▶ _ASSIGNMENT_
In the data below, find the line with "KPSC Village Extension" and the line with "バービー・ボーイズ BARBEE BOYS", then restate both and every line between them exactly, minus the pictures.

▶ _GIVEN DATA_
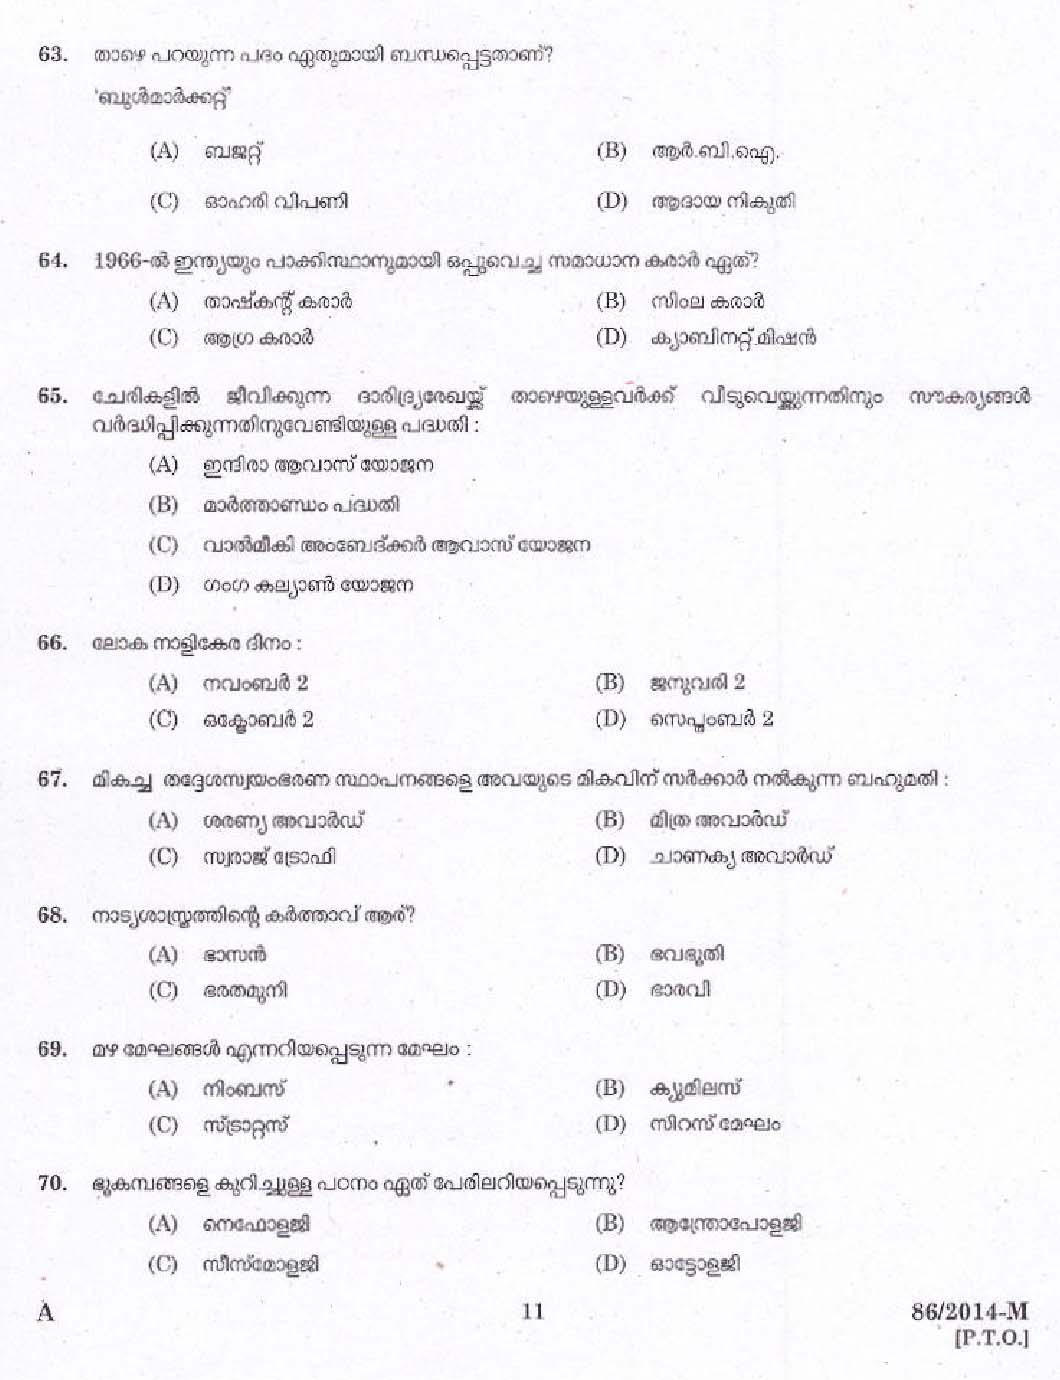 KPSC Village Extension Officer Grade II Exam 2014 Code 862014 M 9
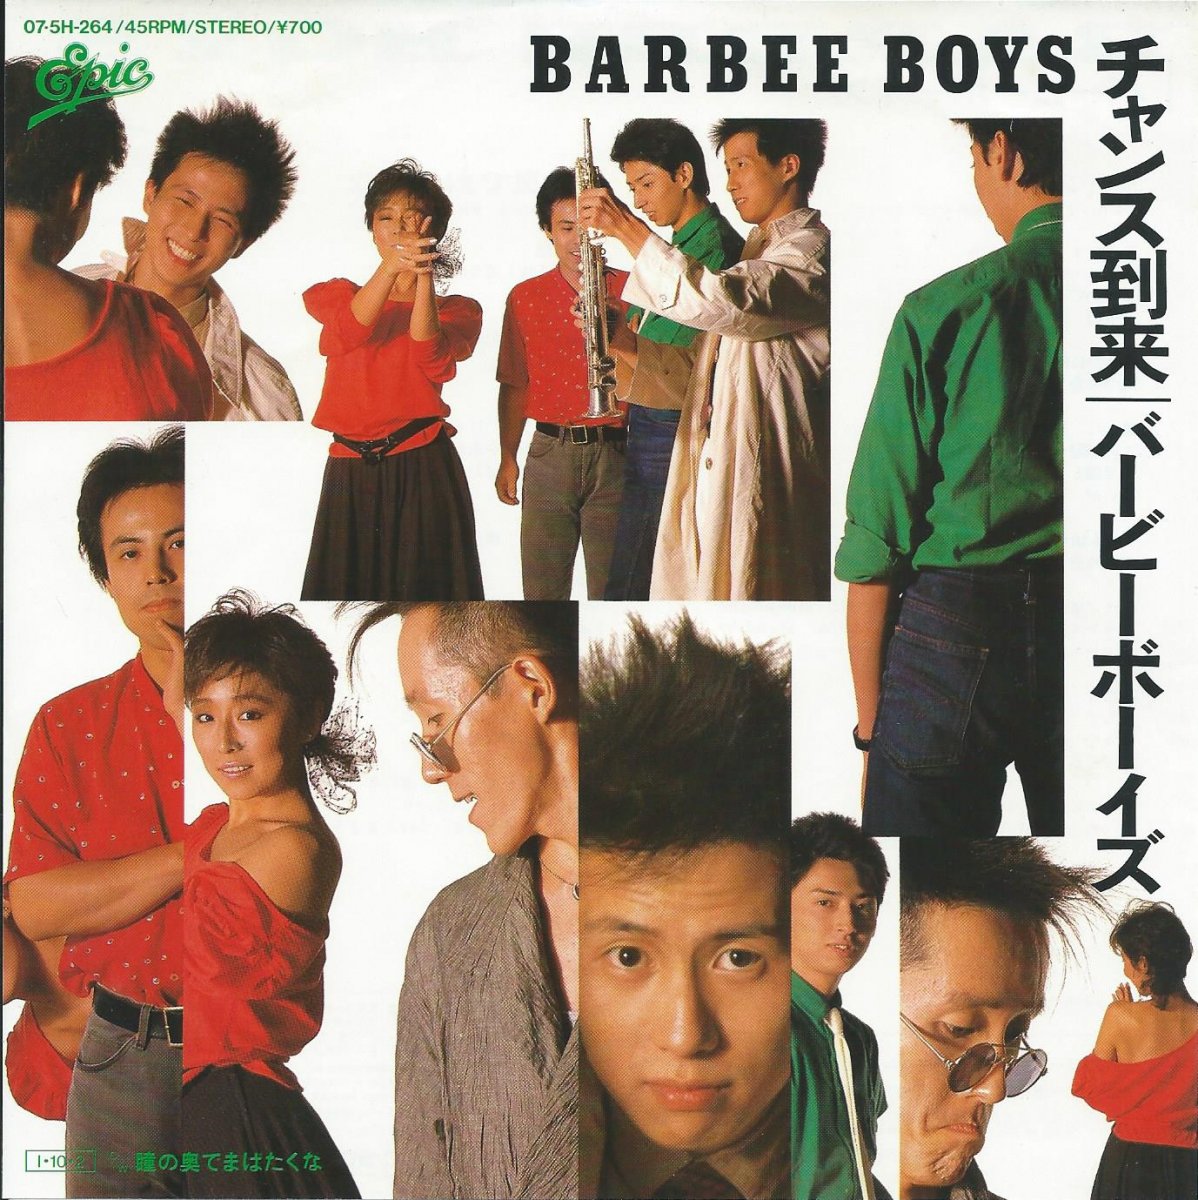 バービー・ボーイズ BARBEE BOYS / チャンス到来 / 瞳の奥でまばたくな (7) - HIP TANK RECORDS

* * *

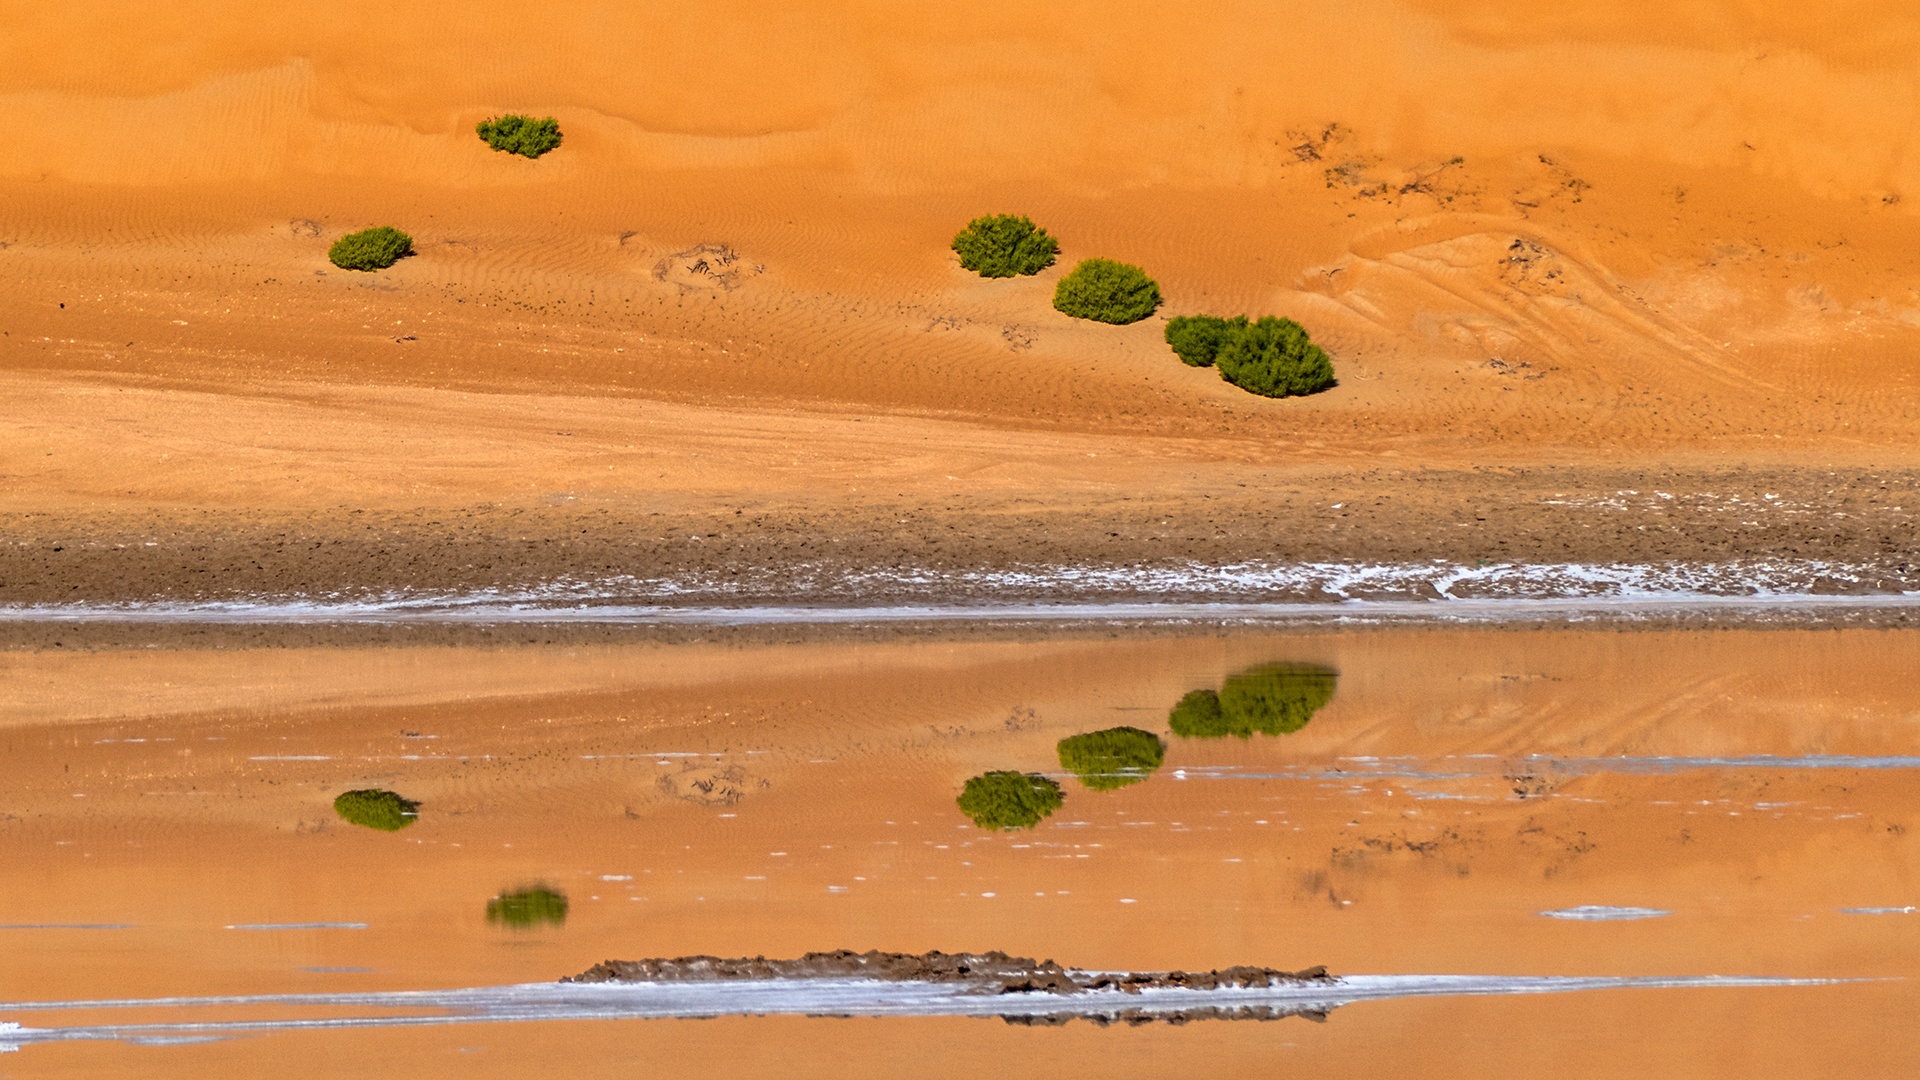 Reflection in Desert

* * *

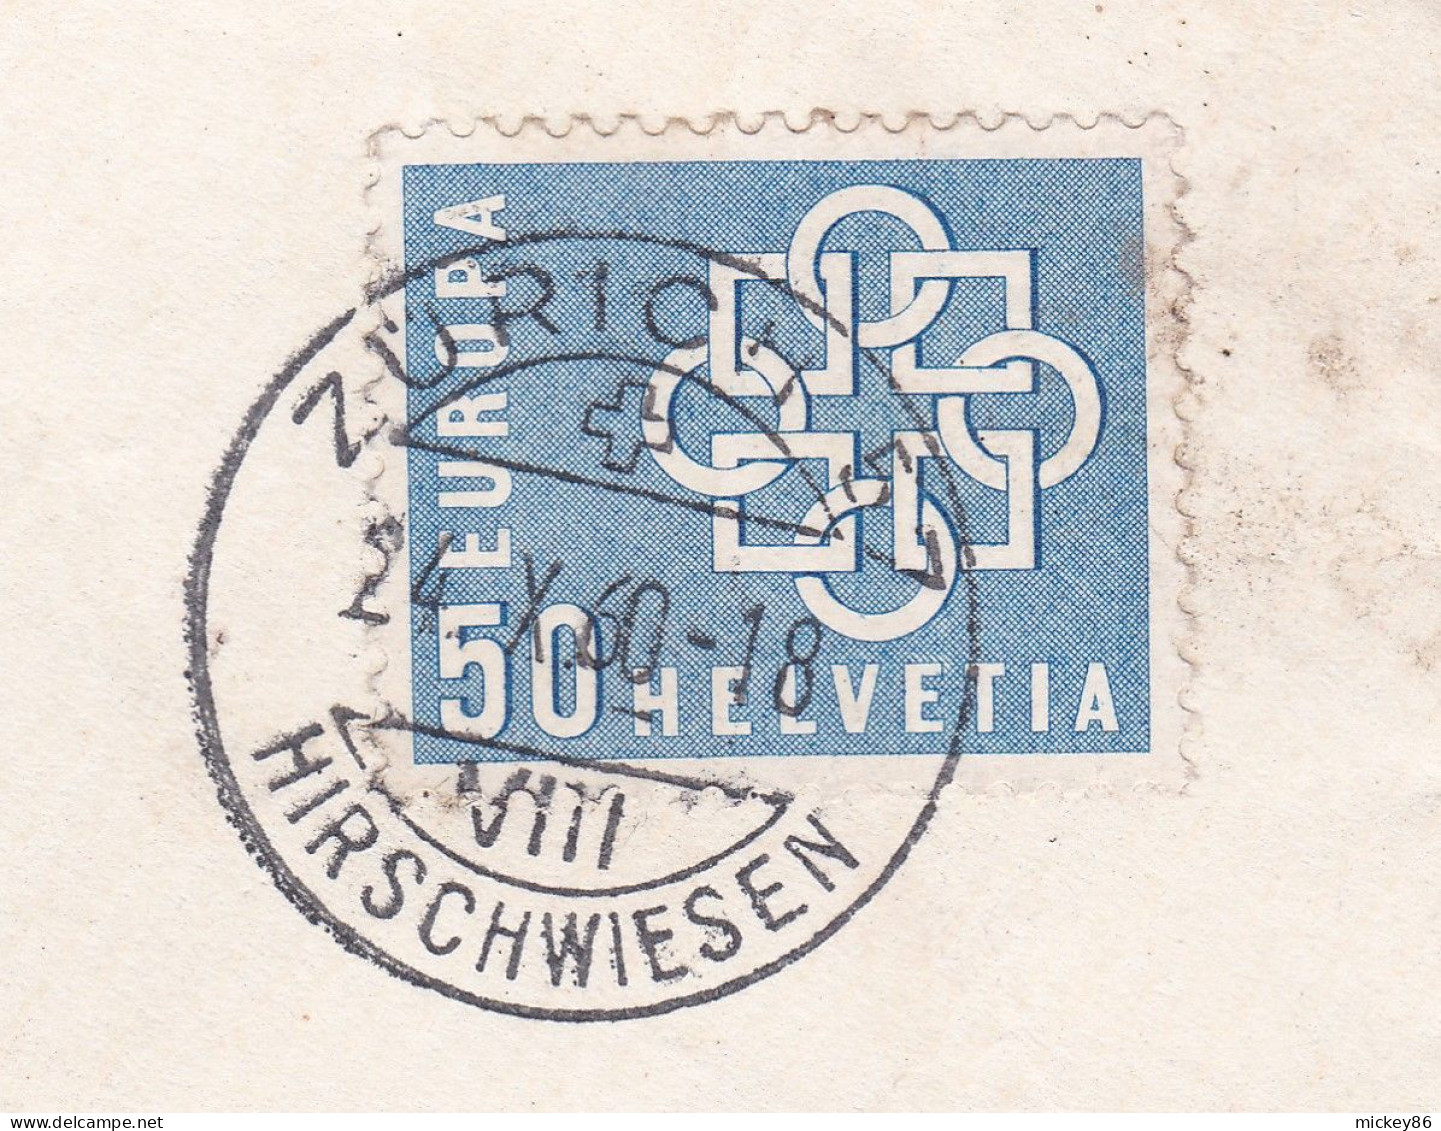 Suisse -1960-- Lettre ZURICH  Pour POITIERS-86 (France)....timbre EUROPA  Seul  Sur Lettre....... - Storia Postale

▶ _SOLUTION FOR THIS EXERCISE_
 KPSC Village Extension Officer Grade II Exam 2014 Code 862014 M 9
 バービー・ボーイズ BARBEE BOYS / チャンス到来 / 瞳の奥でまばたくな (7) - HIP TANK RECORDS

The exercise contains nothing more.